__TASK TO COMPLETE__. The listing below should be printed in full and exactly, apart from its images.
== DATASET CONTENT ==
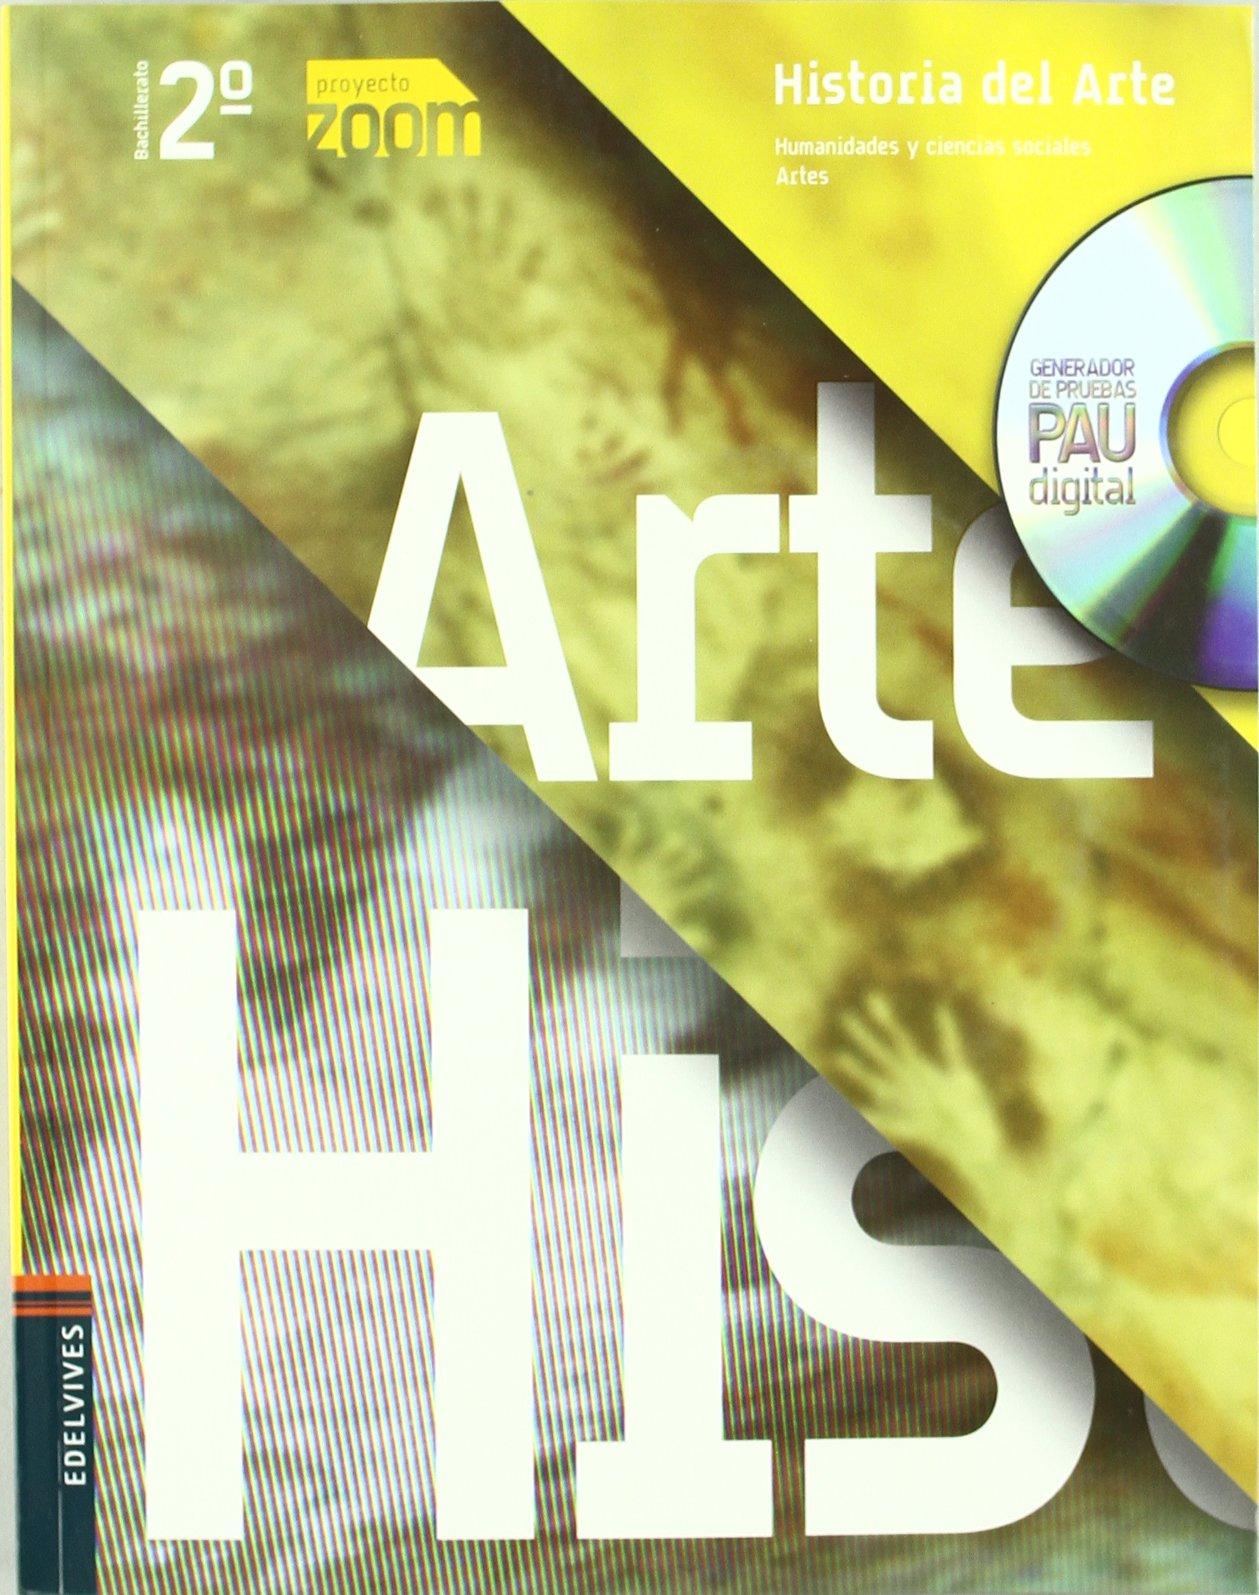 Historia del Arte 2º Bachillerato Zoom - 9788426369734: Amazon.es ...
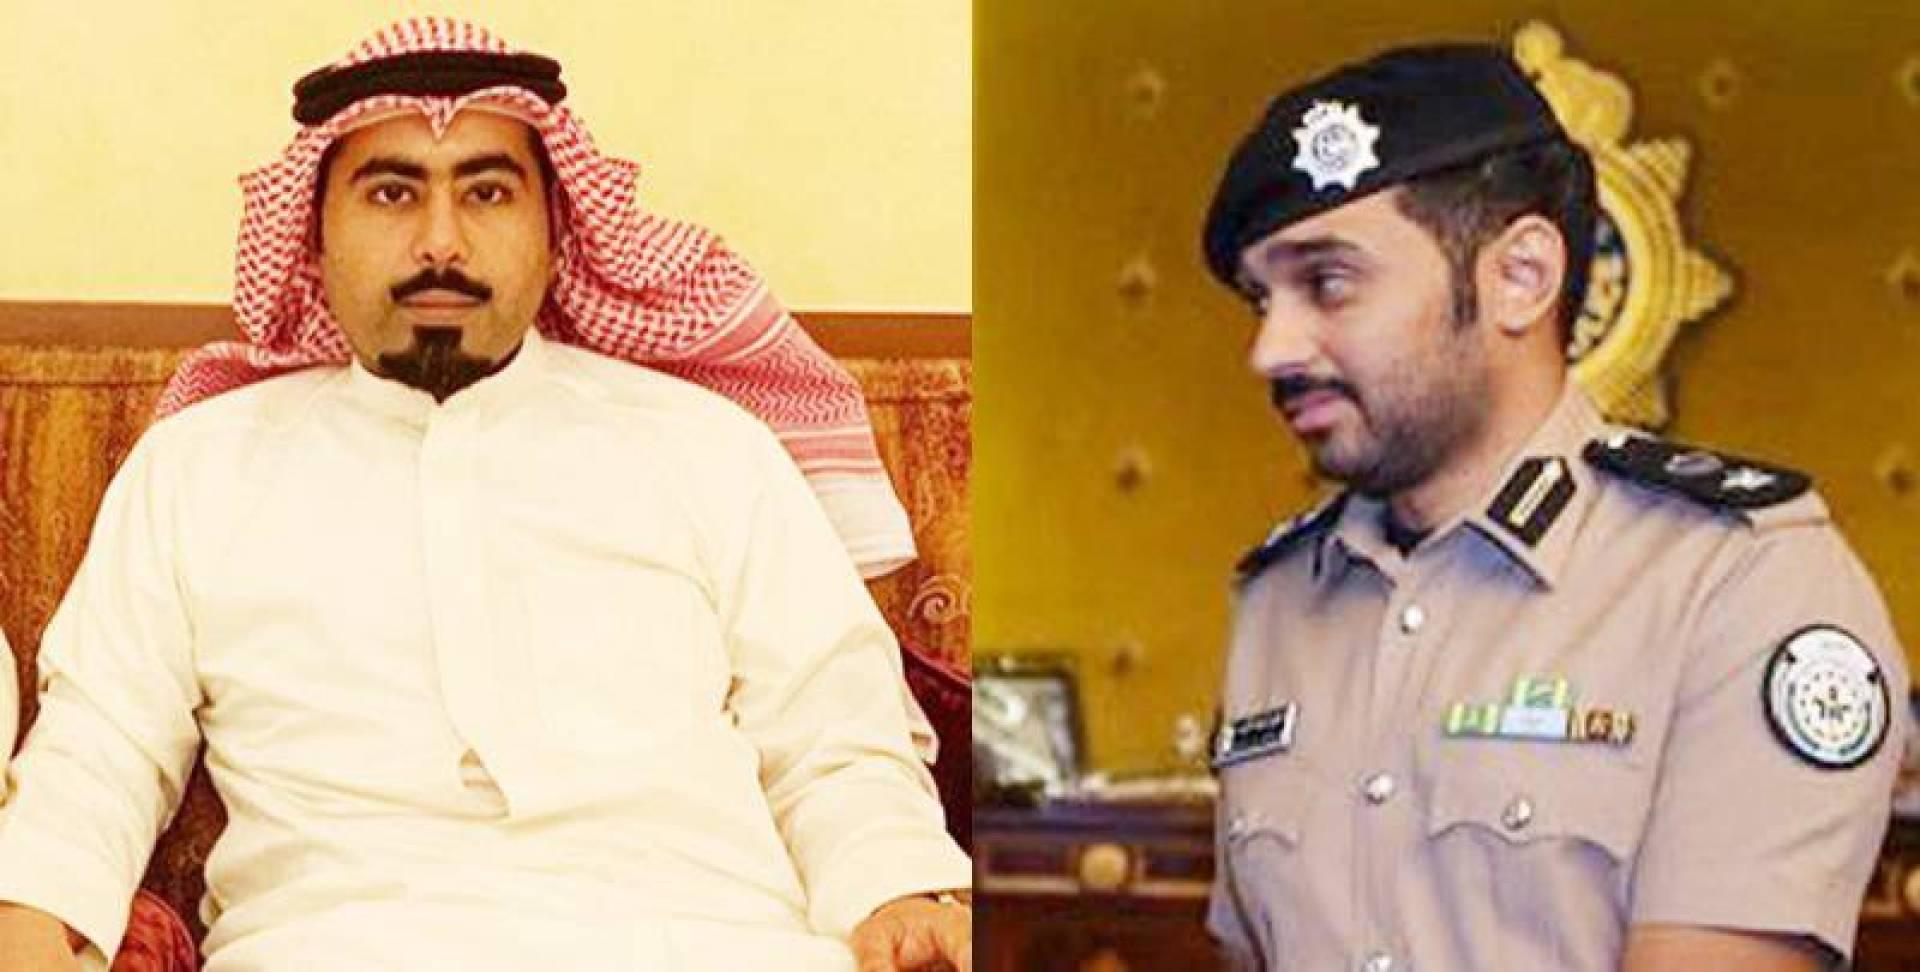 صالح الراشد - عبدالله السالم
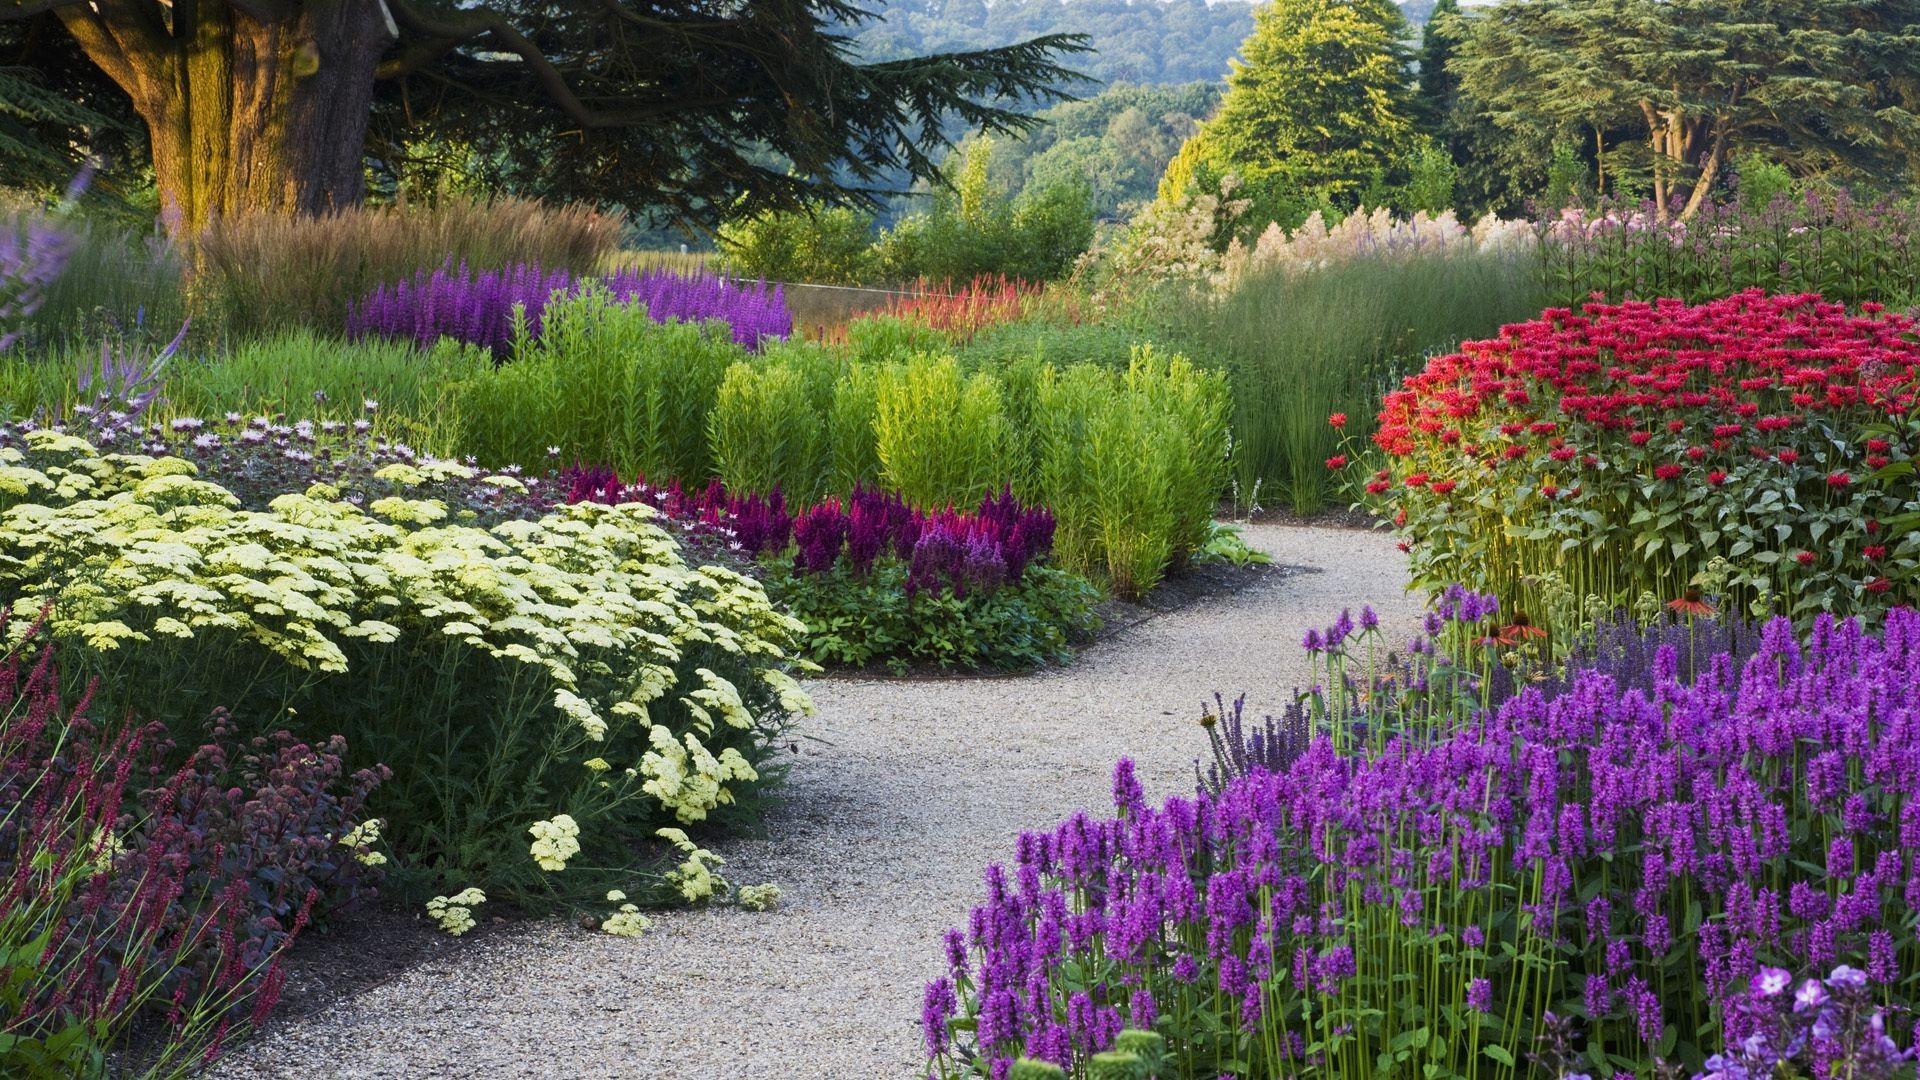 луг сад дворик трава  № 2691589 загрузить
===
__OUTPUT FOR THIS TASK__.
 Historia del Arte 2º Bachillerato Zoom - 9788426369734: Amazon.es ...
 صالح الراشد - عبدالله السالم
 луг сад дворик трава  № 2691589 загрузить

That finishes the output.